Stacking - Yousef's Notes

Ensemble learning is training an ensemble model, which is a combination of several base models, each individually performing worse than the ensemble model.
Train an ensemble of weak models, e.g., random forest and gradient boosting.
Combining multiple weak models can create a strong ensemble because when multiple uncorrelated models agree, they are likely to agree on the correct outcome.
Uncorrelated: use different features and/or different types of weak models. Same models with different hyperparameter tuning are unlikely to be strong.
Three ways to combine weakly correlated models into an ensemble model:
- Averaging: for regression or score-based classification. Averaging all models’ predictions about input $x$.
- Majority vote: for classification.
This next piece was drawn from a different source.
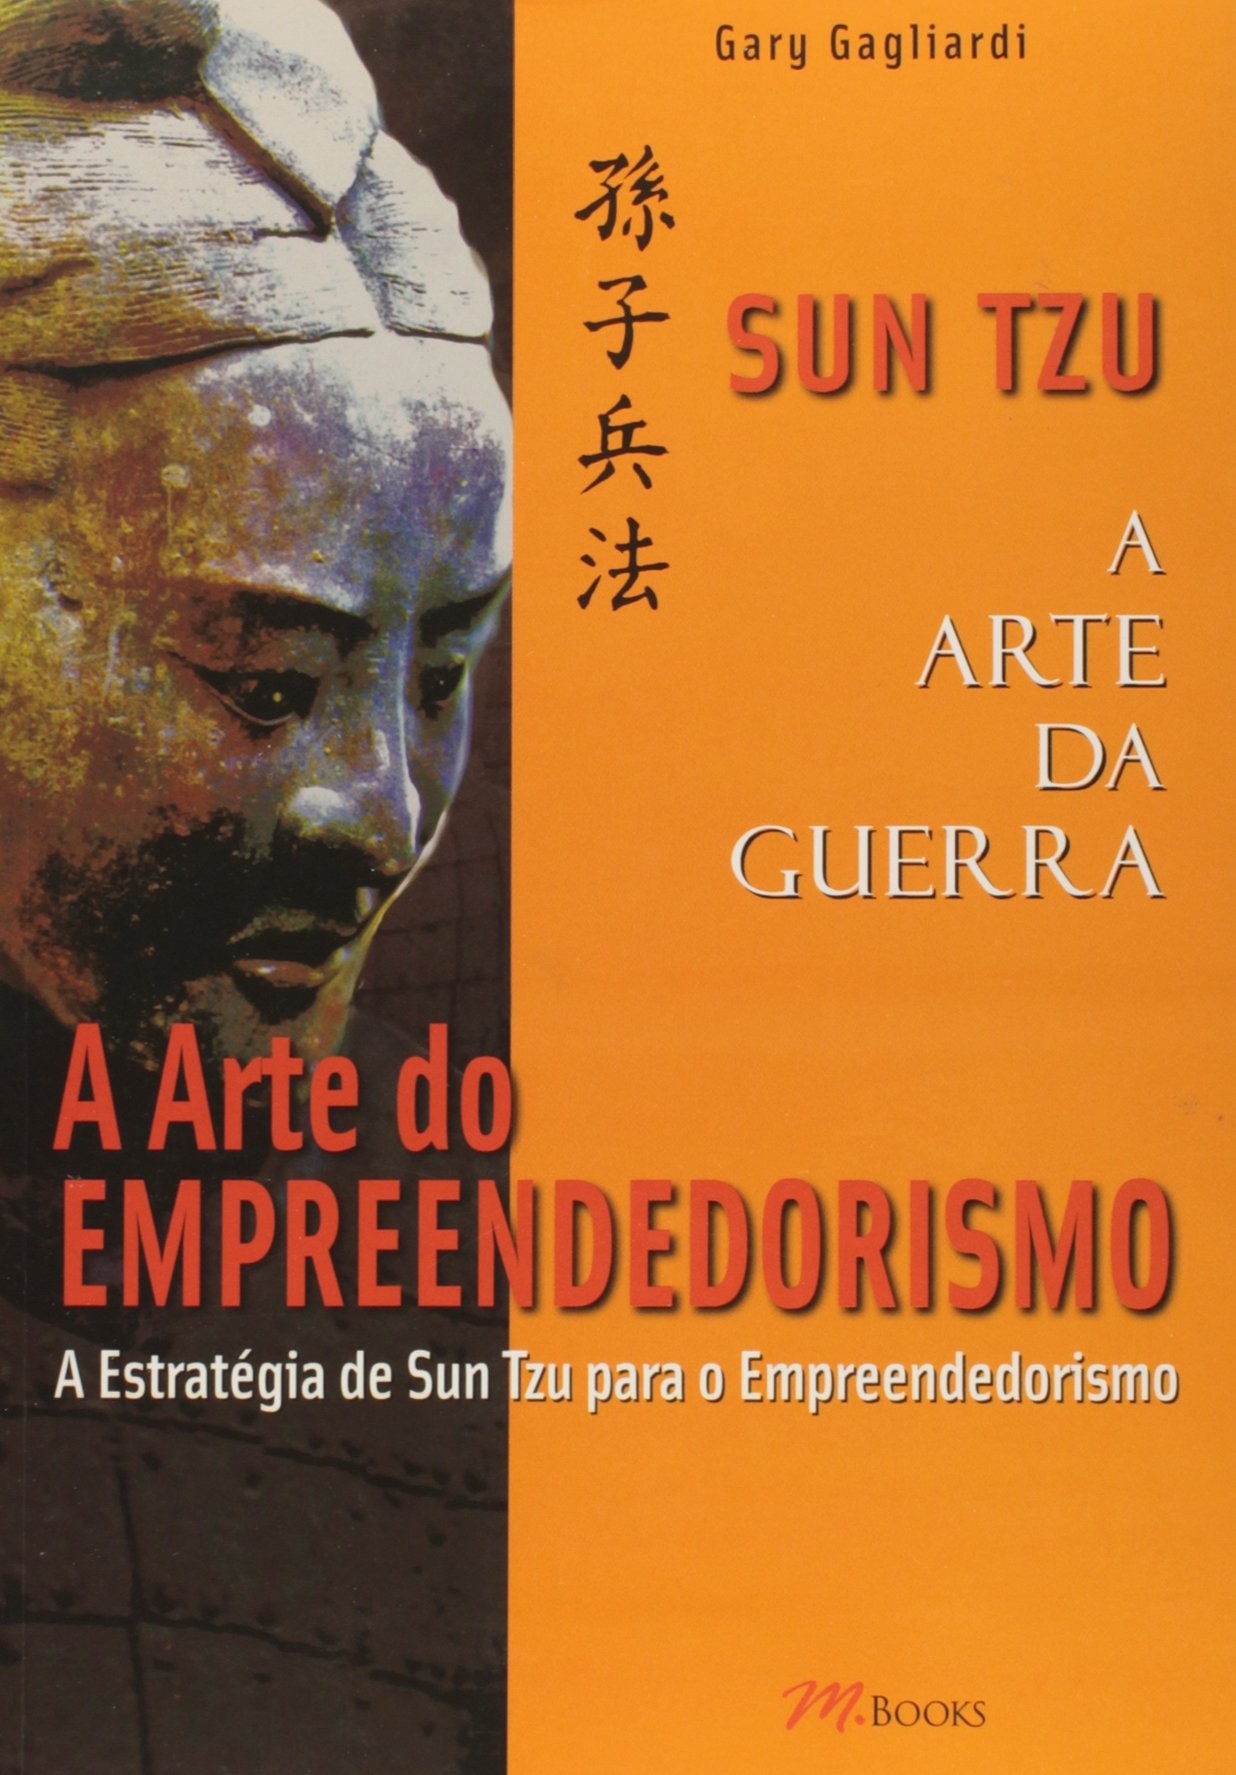 Sun Tzu - A Arte da Guerra - A Arte do Empreendedorismo

Returning the majority class among all models’ predictions about input $x$.
- Model stacking: trains a strong model by inputting the outputs of other strong models.

#Training

Use different machine learning algorithms and models,
Weakly correlate base models by randomly sampling the features of the training dataset.
The same learning algorithm can produce sufficiently uncorrelated models when trained with very different hyperparameter values.

Ensure the meta-model combines base model outputs effectively, without overfitting
Use k-fold cross-validation: how well a model generalizes to an independent dataset.
Recap: split the dataset into k roughly equal parts (folds) and use one fold as the validation set and the others as the training set. Average the performance across all k folds.
Prevent data leakage by using only out-of-fold predictions to train the meta-model
Evaluate the full stack: it should outperform individual base models on the validation set.
Tune base model hyperparameters independently, then train the metamodel on out-of-fold predictions.
Tune the whole stack jointly via nested cross-validation (computationally expensive).

Create the synthetic training set for the stacked model, following a process similar to the one for cross-validation.
First, split all training data into $>10$ blocks. The more blocks the better, but the process of training the model will be slower.
Temporarily exclude one block from the training data, and train the base models on the remaining blocks.
Then use the models to make predictions on the excluded block.
Obtain the predictions, and build the synthetic training examples for the excluded block by using the predictions from the base models.